Lead musicians and singers Moshe Tanenbaum and Yossi Berktin are Hasidic Orthodox Jews who play "Uncle Moishy" and lead the "Mitzvah Men" in song and verse that expresses the observant religious lifestyle of Orthodox Judaism. They focus on the religious aspects of Judaism that most easily relate to young children, such as the laws of Shabbat, kashrut and the giving of charity, as well as the good deeds of Pirkei Avot (Ethics of Our Fathers), such as helping others and being nice.

Origins
Uncle Moishy began in Toronto, Ontario, Canada in 1975, In 1979 his first album appeared in conjunction with the Jewish Education Program.
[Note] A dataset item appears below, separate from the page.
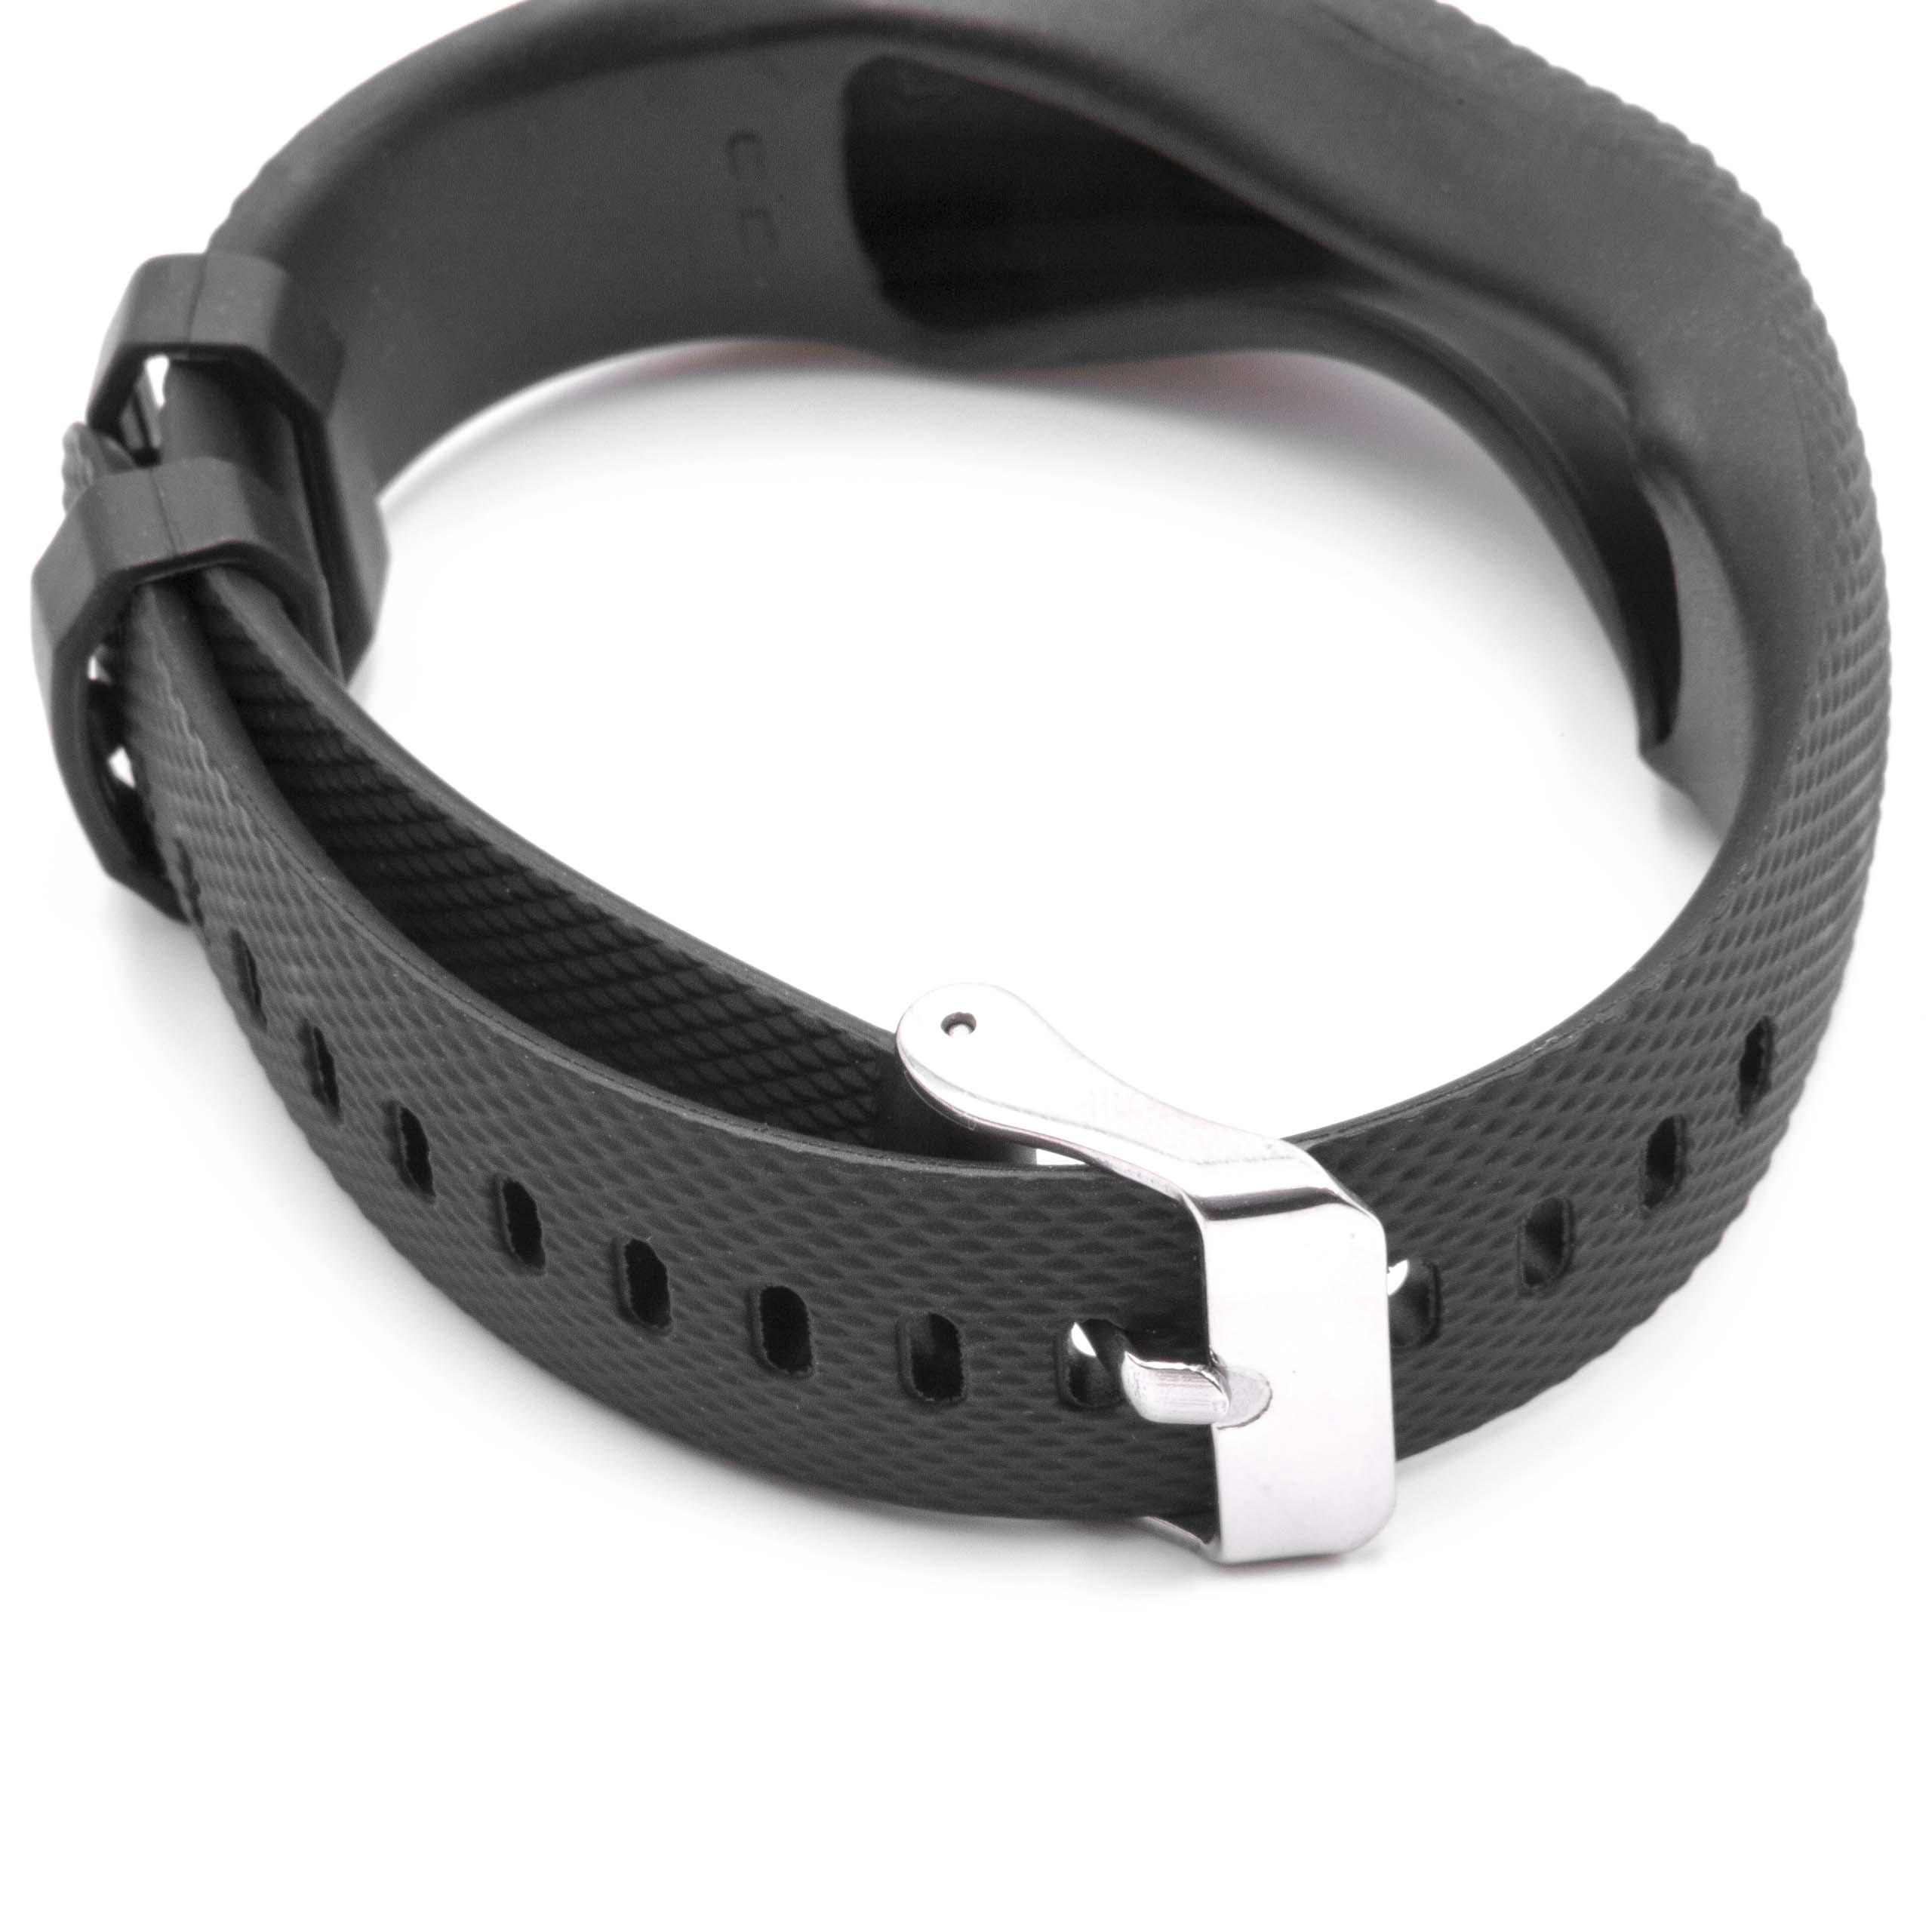 Bracelet pour montre intelligente Garmin Vivofit - 24,5 cm de long, 19,5mm de large, noir

The original band members were Tanenbaum, Zale Newman, and Chaim Shainhouse; Shainhouse left early on, though he composed for and sang on the first few albums. Uncle Moishy is produced and managed by the Suki and Ding company. The group has produced 22 audio albums and 14 videos to date.

Currently
In 2017, Moshe Tenenbaum under new management, producers known as Sonic Duo, released his first solo album titled 'Welcome'. 
In 2018, the 'All New Uncle Moishy' Yossi Berktin, with producers Suki and Ding released the character's 19th album.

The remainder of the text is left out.